Bishop of Mabbug, Teacher of the Church;
- Died: 523 Philippopolis (Thrace), Thrace, Roman Empire
- Venerated in: Oriental Orthodox Churches;
- Feast: 10 December (Syriac Orthodox Church);
- Attributes: writing commentaries and treaties; scholar, writer, and defender of the faith

= Philoxenus of Mabbug =

Syriac saint, theologian and writer (died 523)

Philoxenus of Mabbug (Syriac: ܐܟܣܢܝܐ ܡܒܘܓܝܐ, Aksenāyâ Mabûḡāyâ; died 523), also known as Philoxenus of Hierapolis, Xenaias, and Akhsenaya, was one of the most notable Syriac prose writers during the Byzantine period and a vehement champion of Miaphysitism.

== Life ==
Philoxenus was born between 440 and 455 in the village of Tahal, in the district of Beth Garmaï east of the Tigris, modern-day Iraq.

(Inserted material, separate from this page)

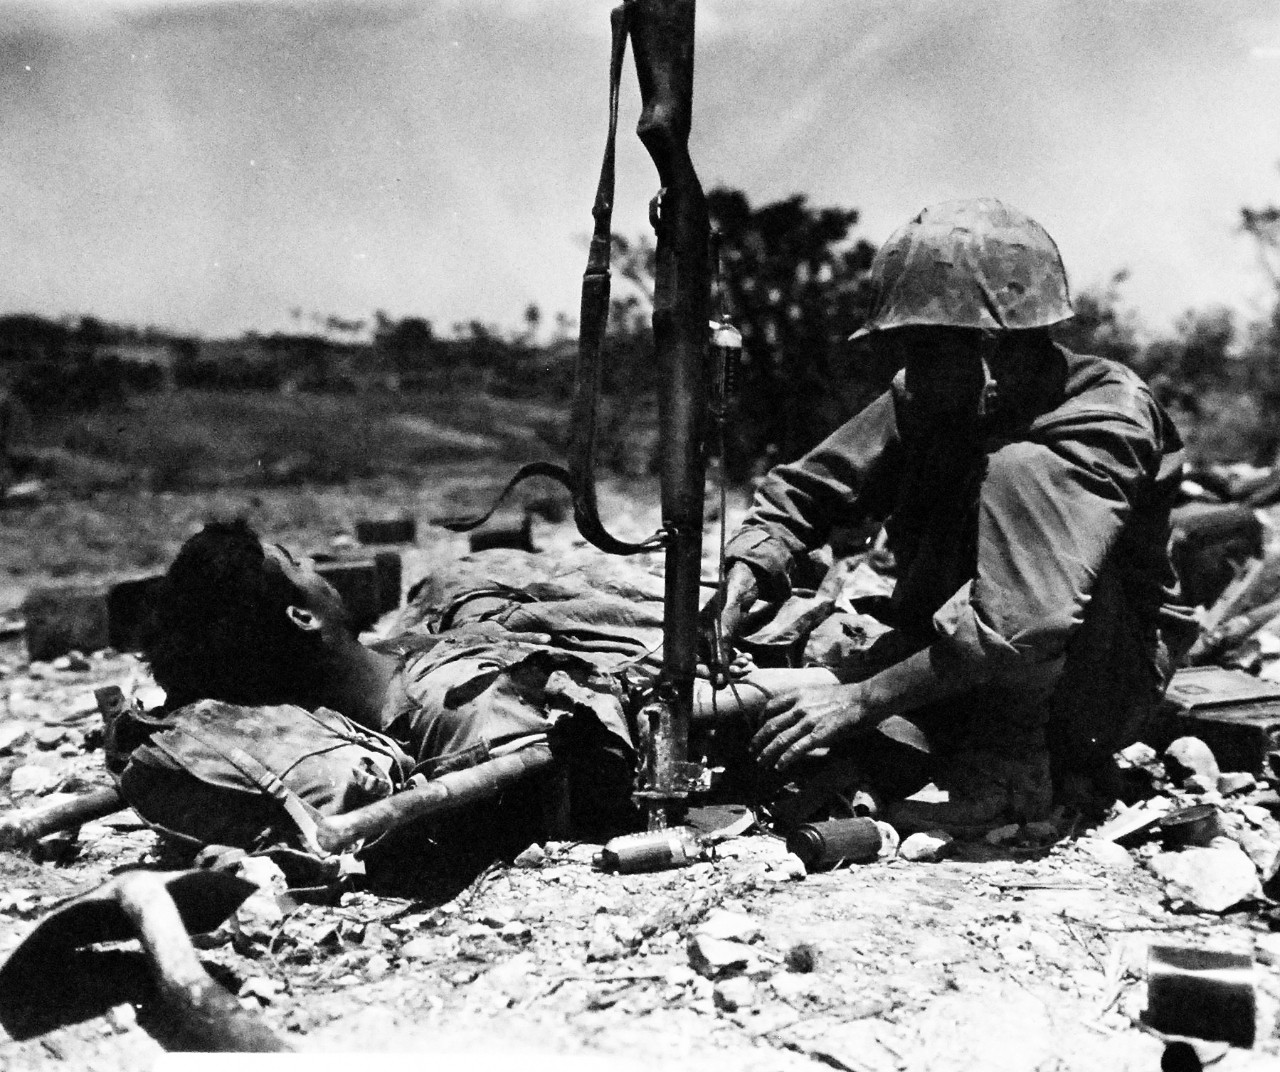 127-GW-667-120199:  Okinawa Campaign, April-June 1945.   Plasma given to a wounded Marine on Okinawa.  Photographed by Bushemi, May 1945.  Official U.S. Marine Photograph, now in the collection of the National Archives.  (2014/7/23).

Though a he was a subject of Persia by birth, all of his known public life was spent within the Byzantine Empire. His family originated from Ecbatana in Media, and he had at least two siblings, including a brother named Addai who was a teacher at the School of Edessa. The claims that he had been a slave and was never baptized seem to be malicious fabrications by his theological opponents after his death.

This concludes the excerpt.